University of Maryland mock trial team coach Mark Graber is “not a conventional kind of professor” for junior philosophy major Parmida Enkeshafi.
Graber — who is also a professor in the University of Maryland-Baltimore’s Francis King Carey School of Law — is a knowledgeable mentor who will “go the extra mile,” to help his students, Enkeshafi said. After freezing up and forgetting her questions during her first mock trial tournament last year, Enkeshafi said she was surprised to learn she had been placed on the university’s top student team.
“[Graber] said that he saw something in me,” Enkeshafi said. “And that really affected me because from then on I did everything I could to prove I deserved to be on the A-team.”
UMB announced this week that the University System of Maryland has named Graber a USM Regents Professor, making Graber one of seven people to ever be recognized for a “record of scholarly achievement and potential for truly exceptional service to the System and its institutions” according to the program policy. Graber is the first professor from UMB to receive this appointment since the system’s Board of Regents established the Regents Professorships in 1992, the release read.
Jay Perman, UMB president, nominated Graber, and his nomination was then reviewed and approved by “a committee of experts from three different institutions,” the system’s Board of Regents and system Chancellor Robert Caret, according to the release.
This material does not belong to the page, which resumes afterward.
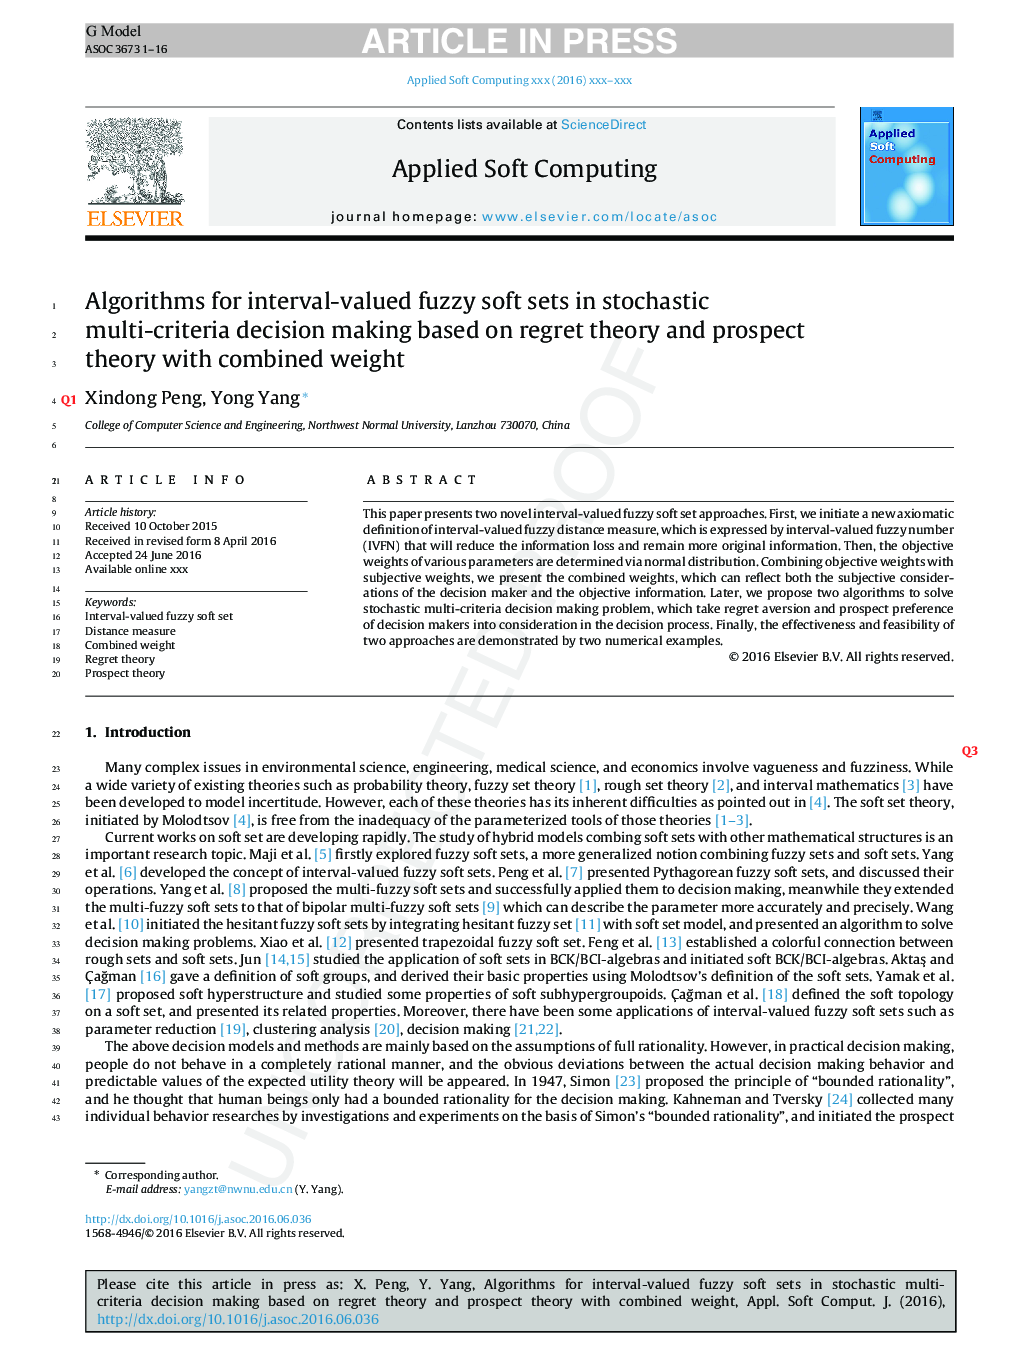 Algorithms for interval-valued fuzzy soft sets in stochastic multi-criteria decision making based on regret theory and prospect theory with combined weight

“It’s quite an honor and I’m really thrilled that I was selected,” Graber said. “I’m really grateful to the people who worked on this.”
Graber currently serves as the Jacob A. France Professor of Constitutionalism with the Carey School of Law in addition to his mock trial team coaching positions at both this university and UMB. He earned his law degree at Columbia University Law School in 1981 before completing a doctorate in political science at Yale University, he said. After joining this university’s government and politics department in 1993, he became an adjunct with Maryland Carey Law in 2002, became a full-time professor in government and law with the school in 2003 and moved his primary appointment to law in 2007.
As a USM Regents Professor, Graber will perform certain public service for the system, giving an annual lecture at a system institution and helping shape curriculum, he said. Graber said he particularly hopes to shape prelaw curriculum, as he thinks prelaw education is “extraordinarily important.”
He is also recognized as a founder of the American Constitutional Development Movement, according to the release. The movement examines constitutional doctrine in terms of law, history and political science, he said.
Donald Tobin, Carey Law School dean, said Graber is not only a great scholar, but is also “incredibly committed to students and the mission of training the next generation of great lawyers.”
“As a dean, when you get to see someone who is just a phenomenal scholar and passionate about students, it puts a huge smile on your face because that’s what we strive for,” he said. “I think that’s what part of what makes mark, or professor Graber, really special.”
Graber’s favorite part of teaching is “watching the students grow and thinking that maybe you contributed an iota to them having a better life,” he said.
He has the ability to “make other people around him better,” said Tobin, which in turn benefits the entire Carey Law School.
Enkeshafi said Graber recognizes the time and effort that students put into the mock trial program. After a tournament last weekend, Graber emailed the entire program to congratulate Enkeshafi’s team on a second place finish, she said.
“[Mock trial] does take a lot of time and it does take things out of you,” she said. “You sometimes miss football games and you miss soccer games or so on and so forth but Professor Graber really makes it worth it.”
While Graber doesn’t “sugar coat” things, his advice is very constructive, and also funny, Enkeshafi said.
“While mock trial is very serious, and we do take it seriously, he does put the fun in mock trial that I think everyone needs,” Enkeshafi said.
The system board will make Graber’s appointment official at its meeting this Friday.